ITSN-1s protein and mRNA levels are decreased in LC patients. a WB using ITSN-1 Ab of cell and lung tissue lysates resolved by SDS PAGE (70 μg total protein/lane). Human LC cells (b - f) were compared to control bronchial cells (a). The cell lines were as follows: b- A549, c- H358, d- H1703, e- H1437, f- H2009; MW – molecular weight. Data are shown as ITSN-1s/actin ratio. The bands between MW 100–150 were included in densitometry analysis. b qPCR analyses of ITSN-1s mRNA levels in A549 cells (b) and lung adenocarcinoma cases (c–f) compared to controls (bronchial cells and normal tissue) (a). Data are shown as percentage decrease by comparison to controls. Error bar represents mean ± SE; *p < 0.05. The above data are representative of 3 independent experiments performed under identical experimental conditions. c Representative ITSN-1s IHC staining of paraffin-embedded adjacent normal lung tissues (a, a1) and lung adenocarcinoma tissue (b, b1). d Representative ITSN-1s IHC staining of TMA specimens from normal lung (a) and lung adenocarcinoma (b). e The percentage of patients with high and low ITSN-1s protein level were calculated in 3 groups: normal, well-differentiated and moderately or poorly differentiated. Images were acquired using identical parameters. Bars: 20 μm (a, b); 5 μm (a1, b1)

Table 1 Characteristics of the LC patients

To further confirm this finding we examined the level of ITSN-1s in 10 lung adenocarcinoma tissue samples along with adjacent normal tissue. IHC analyses revealed high ITSN-1s immunostaining in the normal bronchial epithelial cells and adjacent normal alveoli (Fig. 1c, a, a1) but much weaker or even undetectable levels in some tumors (Fig. 1c, b, b1). The level of ITSN-1s was reduced by more than 50 % compared to normal areas in 8 of the adenocarcinoma samples examined.
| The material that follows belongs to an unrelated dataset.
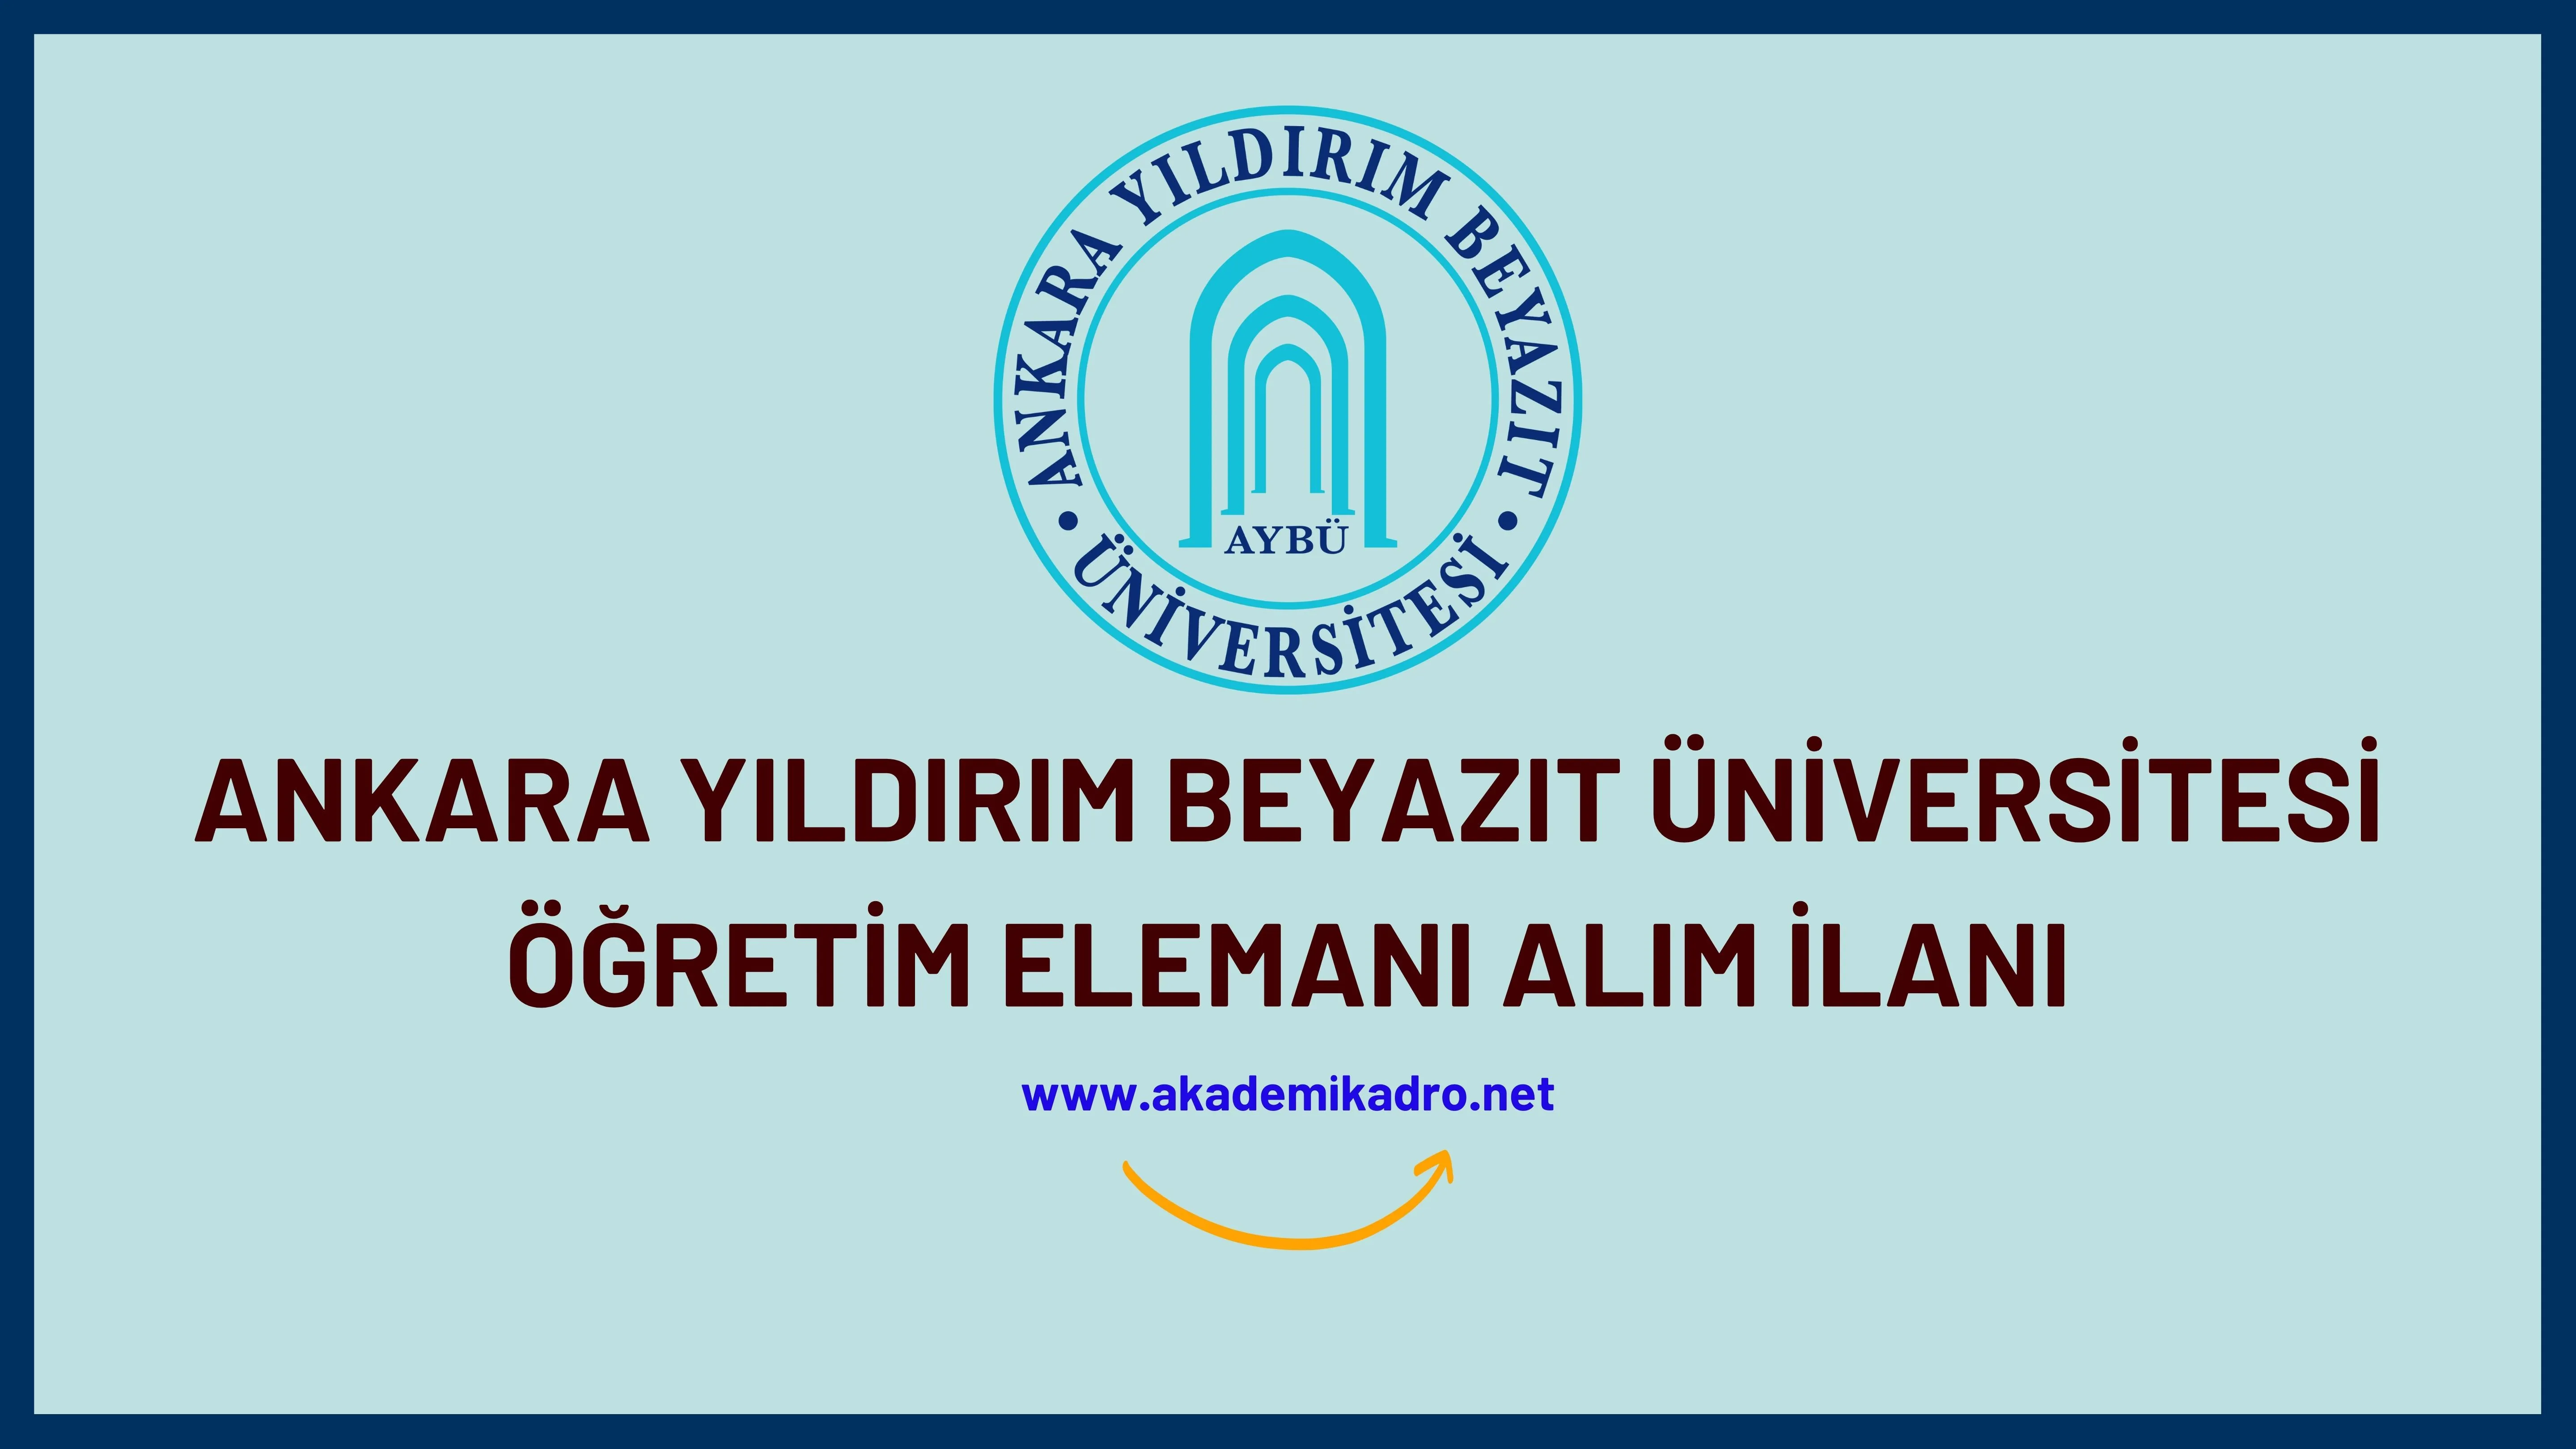 Ankara Yıldırım Beyazıt Üniversitesi 10 öğretim görevlisi, 31 Araştırma görevlisi ve 110 öğretim üyesi alacaktır.

In addition, we evaluated a TMA slide comprising 20 lung adenocarcinoma samples: 10 grade 1 (well differentiated) and 10 grades 2 or 3 (moderate to poorly differentiated) and 20 normal tissue samples. Each TMA spot was examined and graded as having high (Fig. 1d, a) or low ITSN-1s (Fig. 1d, b) protein level. The presence of at least 25 % of cancer cells staining positive (intensity of a minimum of 2 on a scale of 1 to 3 [32, 33]) within a patient sample was considered high ITSN-1s protein level. A high ITSN-1s protein level was noted in 85 % of normal tissue, 30 % of grade 1 LC tissue and none of the grades 2 or 3 LC tissue (Fig. 1e). Altogether these findings provide strong evidence that ITSN-1s protein level is downregulated in LC.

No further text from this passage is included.